Когда мы вышли из машины, я взглянул на этого человека, и мне стало дурно: передо мной стоял тот же Дремов[625], со шрамами от ожогов на лице (тут в зале охнули).
Я ходил с ним по городу до утра. Много мы говорили. Выяснилось, что ему изменила девушка, как только узнала о его горе, по какой-то случайности он не был принят в высшее учебное заведение, еще что-то намоталось на его истерзанную душу.
Я говорю ему, что не весь свет сошелся клином, что ему 22 года, что жизнь впереди, и от него зависит, как она будет выстроена… А то, что случилось с девушкой, учебным заведением, — случаи и т. д. и т. п.
Расстались мы с ним хорошо. Он растаял, отошел и обещал упорно бороться за жизнь.
Дорогие товарищи, каково же было мое счастье, когда через три года я получил от него письмо: он увлечен работой в вузе, его любят и жизнь стоит того, чтобы жить.
Вот видите, иногда суровые средства бывают более действенны, чем глаженье по головке, и сусальные слова, бывают дороги и человечны.
А сейчас я не хочу больше говорить о войне, сердце подсказывает мне, что надо изменить программу.
Кто видел меня в кино и театре, мог заметить, что у меня есть одно пристрастие: я пытаюсь решать роли от характера, хотя по моему амплуа героя, романтического героя, трагического, — это не обязательно. А мне скучно иначе жить на сцене, да и говорить о себе самом мне неловко: не такими огромными запасами обладает любой актер, чтобы заместить собой и Пушкина, и Лермонтова, и Шекспира, Толстого, Шолохова… Горького…
Мне вообще интересно, по-моему, это-то и пленительно в нашем деле — разгадать автора, его характер, почерк, голос. (…)
Вот были Пушкин и Лермонтов. Оба жили в одни и те же годы, вращались в одном и том же обществе, имели одних и тех же друзей, знакомых, жили одними и теми же интересами, одни и те же перспективы грезились им, даже смерть имели одну и ту же. И как они различны в своем искусстве! Как отличались от Толстого! Так не интереснее ли, не вернее ли вскрыть их сущность, работая над их произведениями, над каждым новым их произведением, а не свою, артиста, только?

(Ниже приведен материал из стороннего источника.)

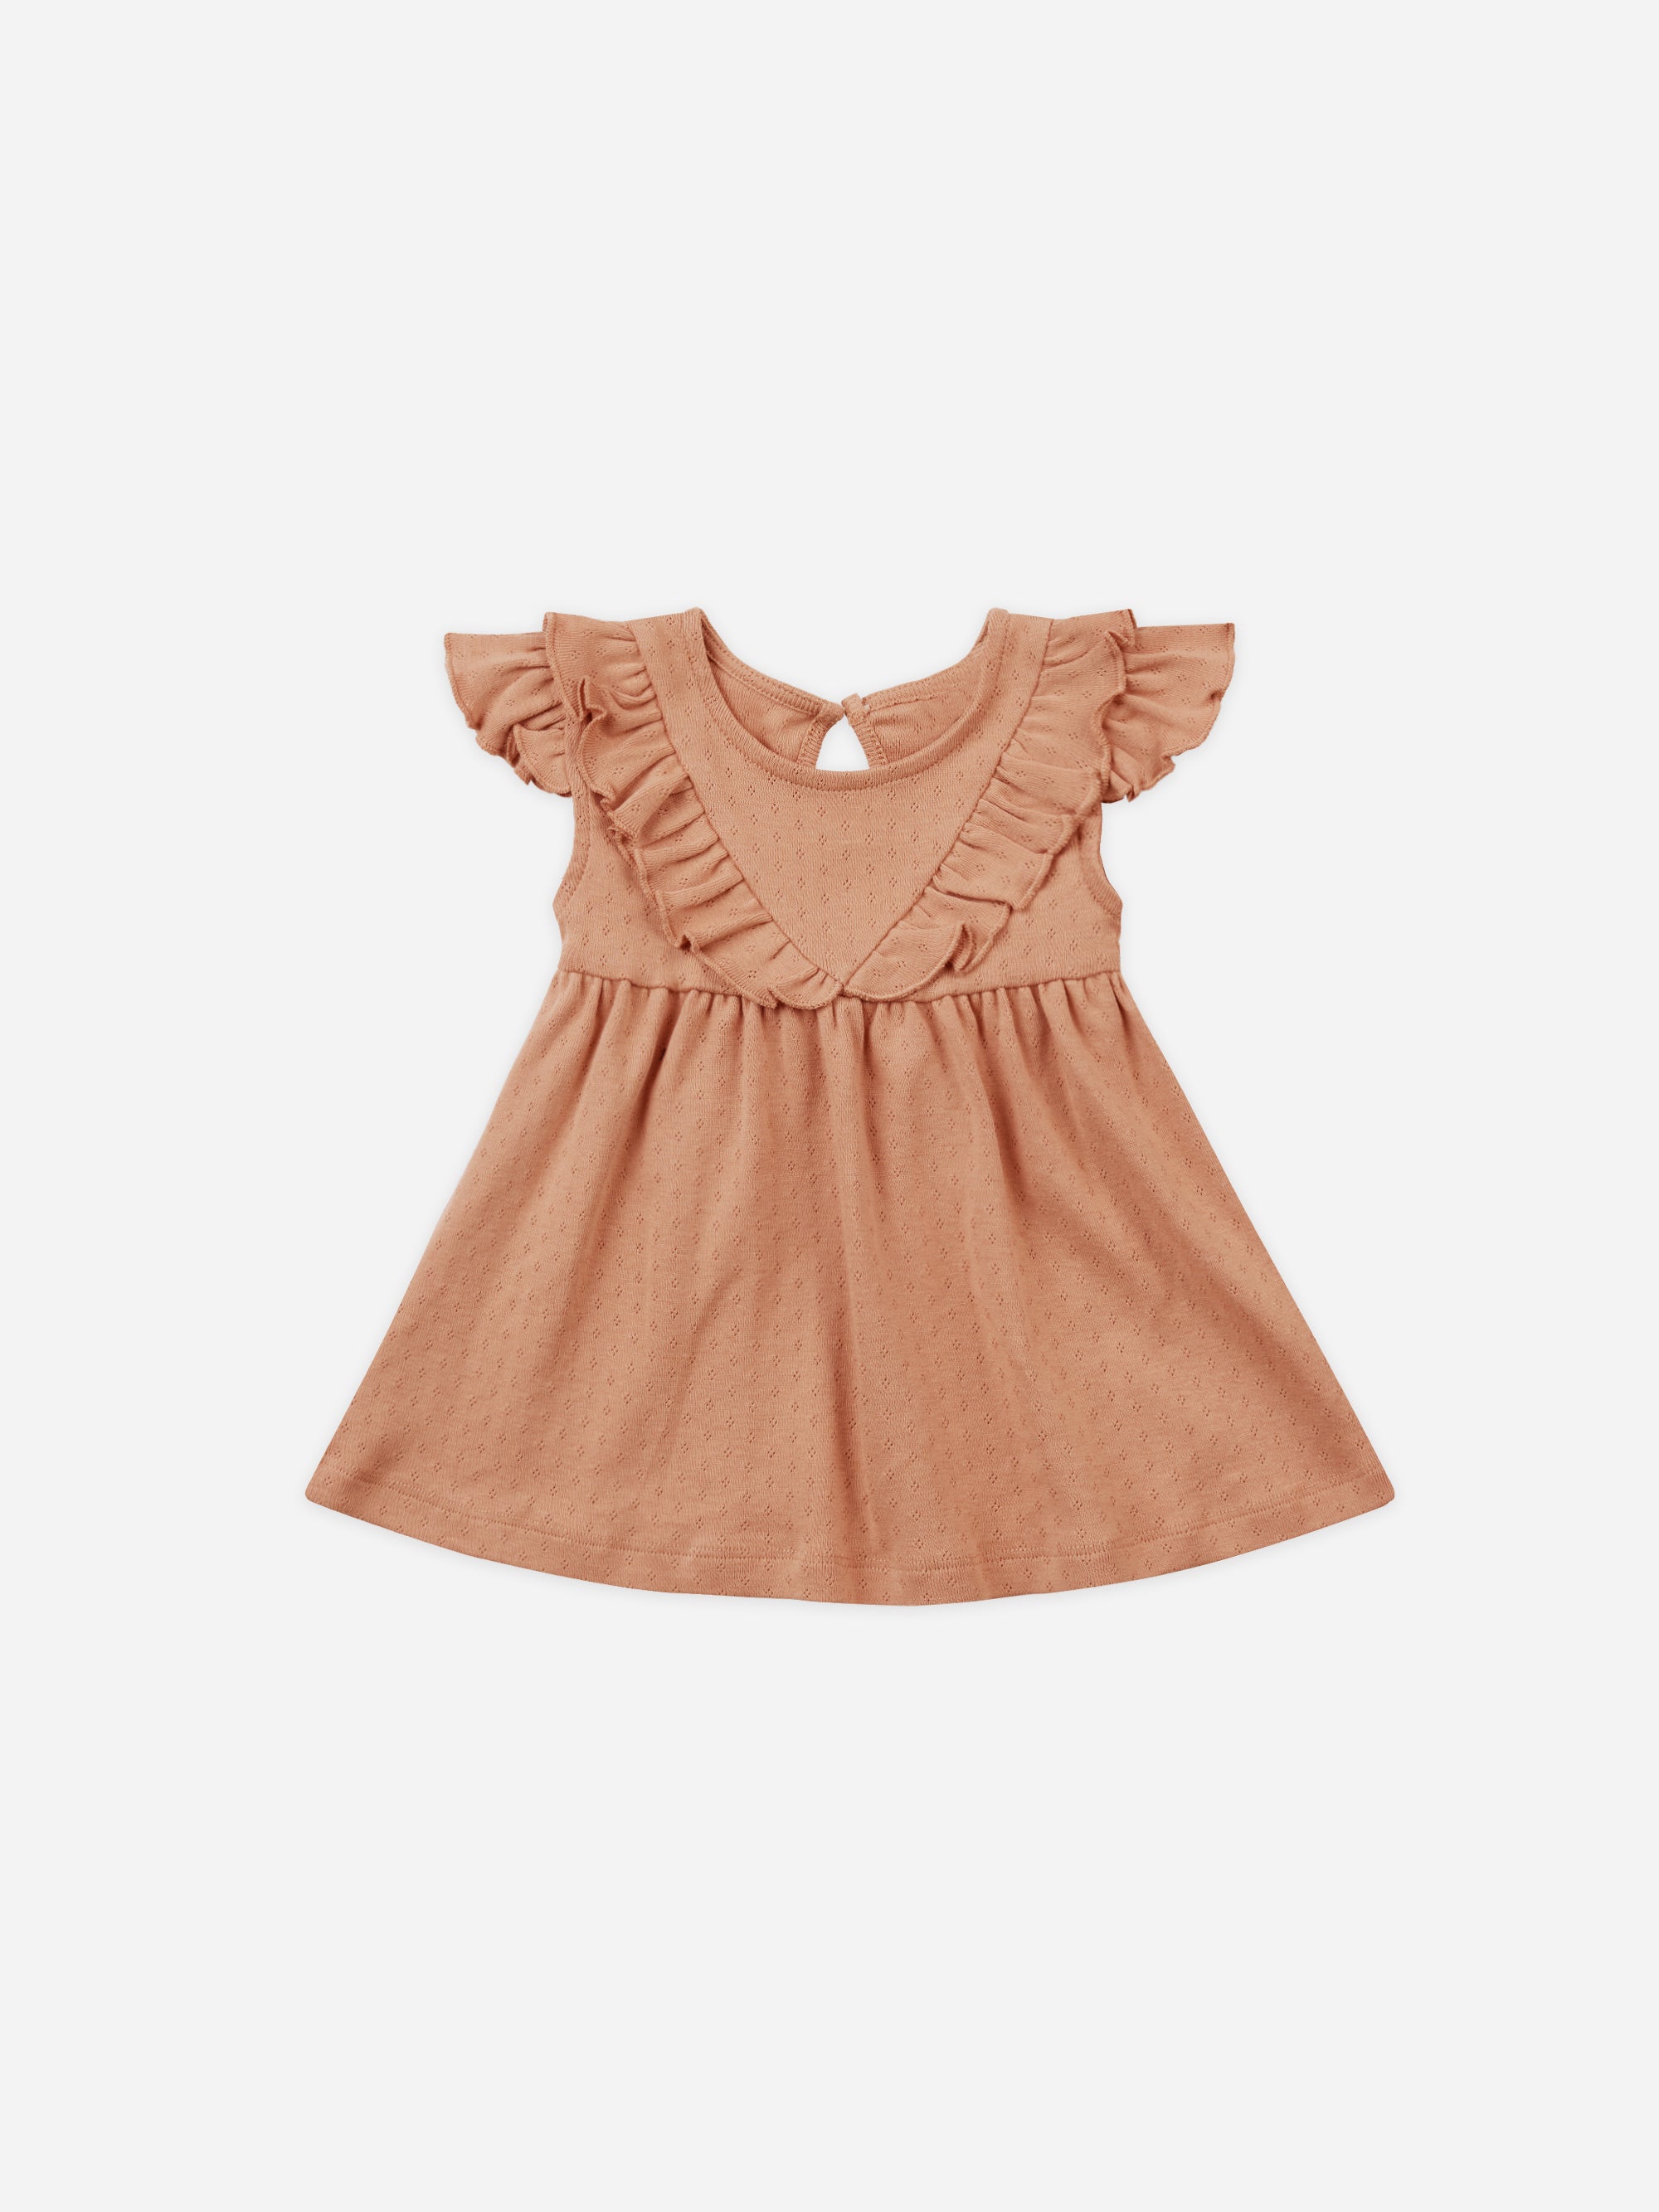 Sleeveless Ruffle V Dress || Melon - Rylee + Cru | Kids Clothes | Trendy Baby Clothes | Modern Infant Outfits |

Я снимался в двух ролях полководцев, оба они на конях, оба имели дело с народом, оба бриты, оба… много могу перечислить того, что они имели оба. Но в искусстве интересно то, чем они отличались друг от друга. И уж, конечно, не должен ничем походить на них, скажем, цыган Юдко[626], как ничем не имеет права попользоваться из приобретенного для их характеристики Арбенин.
Так и в театре. Хотя исходные позиции, ситуации схожи, повторяются, тем не менее нелепо награждать Отелло руками Арбенина, привыкшими к картам, а Арбенина наградить рукой, владеющей тяжелым мечом… А сколько в них отличного во всем другом.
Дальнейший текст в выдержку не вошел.